But, more commonly, it means bastard, evil person... for instance, a cheated girlfiend, a student referring to a bad teacher, and so on... says it in this meaning.


----------



## sweet_cate

Il termine "stronzo" è molto dispregiativo e indica una persona che si è comportata o si comporta molto male. Nessuno pensa più al significato letterale della parola quando la sente, forse per questo è molto usata.

E' il termine volgare più efficace per indicare una persona che inganna, abusa o manipola o usa gli altri, un misto di cinismo e di cattiveria pura, insomma.
Una persona che può essere davvero dannosa quindi, e da cui è meglio stare alla larga o che si merita di essere trattato male perchè è potenzialmente pericolosa per chiunque,  perchè è una persona che non ha rispetto degli altri suoi consimili.

Capite bene che piuttosto che raccontare tutto questo di una persona è molto più veloce e pratico dire semplicemente "E' uno stronzo/è una stronza". Ripeto, dimenticando il significato puro e originario del termine.

La stessa cosa dicasi quando si sente dire "XXXX è una merda". ("XXXX is a shit").

Vuol dire semplicemente il livello più basso degli esseri umani, una persona di cui è meglio non fidarsi in assoluto.

Peraltro è molto difficile che sia usata "di fronte" alla persona di cui lo si pensa, se si arriva a questo vuol dire che si è arrivati ad un livello di insulti che precede probabilisticamente la rissa, i pugni e il desiderio di fare male fisicamente a chi ti dice queste parole.

Meglio usarle (se proprio si deve) con molta parsimonia quindi, pur nella consapevolezza che persone che si comportano così biecamente e a livelli così infimi  purtroppo esistono e si possono incontrare in qualsiasi continente.

Saluti. Ciao.  


Ps. Attenzione!! Può essere usata anche in termini scherzosi tra amici, ma bisogna che si sappia "a priori" che chi te lo dice non lo pensa veramente, che è solo un'esagerazione per prenderti in giro insomma. Altrimenti, se detta seriamente, può portare le conseguenze negative di cui parlavo sopra.


----------



## Hillbilly

Long before I began studying Italian, I learned the word “stronzo” from an Elmore Leonard crime novel about some Mafia characters.  
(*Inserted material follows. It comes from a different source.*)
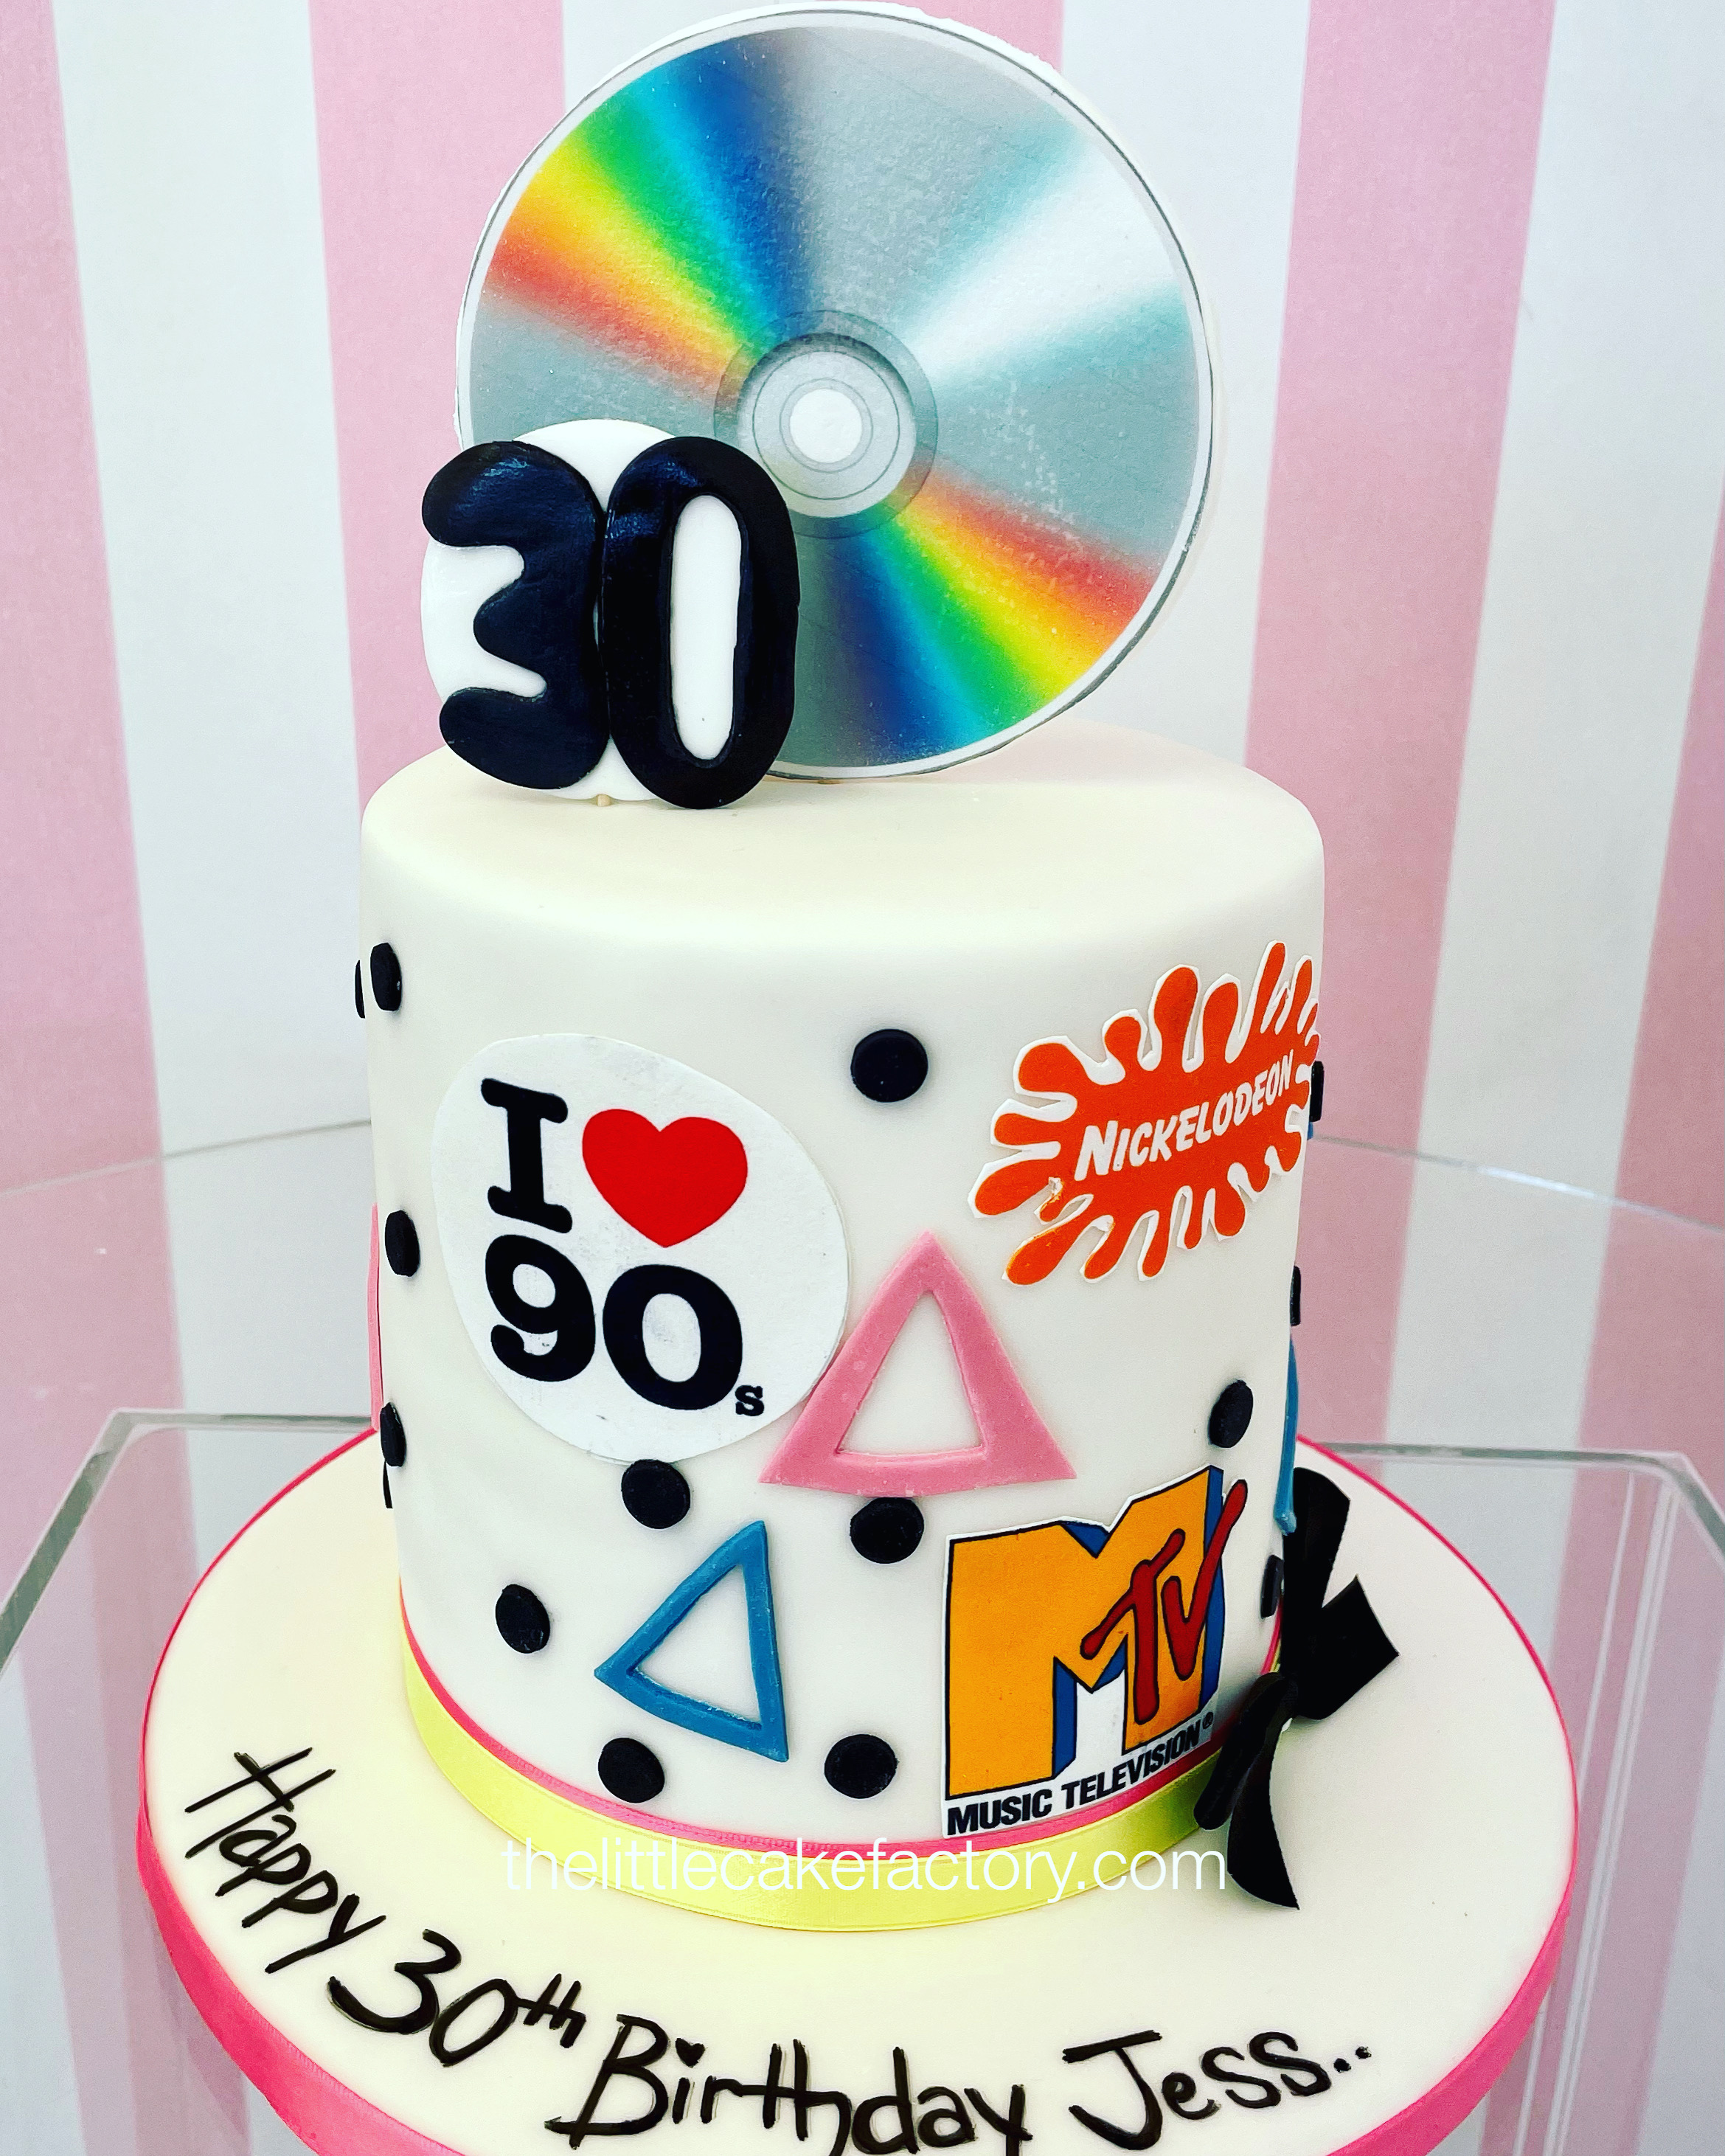 90s birthday cake Cake | Celebration Cakes

  One of the characters was American, young, good looking, muscular, and stupid.  The Italian guys would call him “stronzo,” among other things, and he thought it was a compliment.

  There is one thing in particular I have noticed from reading this forum.  The more a word is considered vulgar, the harder it becomes to translate exactly because the literal meaning is loosely applied.

  It also helps one realize that the assigning of meaning to individual words is sort of arbitrary.  People collectively decide to take offense when a certain word is uttered.


----------



## toddsschneider

*stronzone*
I assume it means something a bit stronger than "guy" or "fellow".


----------



## foofoodude

came accross this old set of posts while using the dictionary but I noticed that no one seems to have included a translation that many english people (not US) would use in place of this word...

Wanker! (or even "tosser")

It too can be used both in an abusive manner ("scum of the earth") as described by pretty much everyone above and also as ...well... a kind of term of endearment amongst friends ("ello wanker how are you?") or to indicate that someone has done something stupid ("ahhh you spilt your drink all over me you stupid wanker!"). 

The abusive one indicates that the person is horrible intensionally and the last one (stupid wanker - in friendly or abusive use) might also be translateable with "coglione/ testa del cazzo" in italian or "dickhead" in english.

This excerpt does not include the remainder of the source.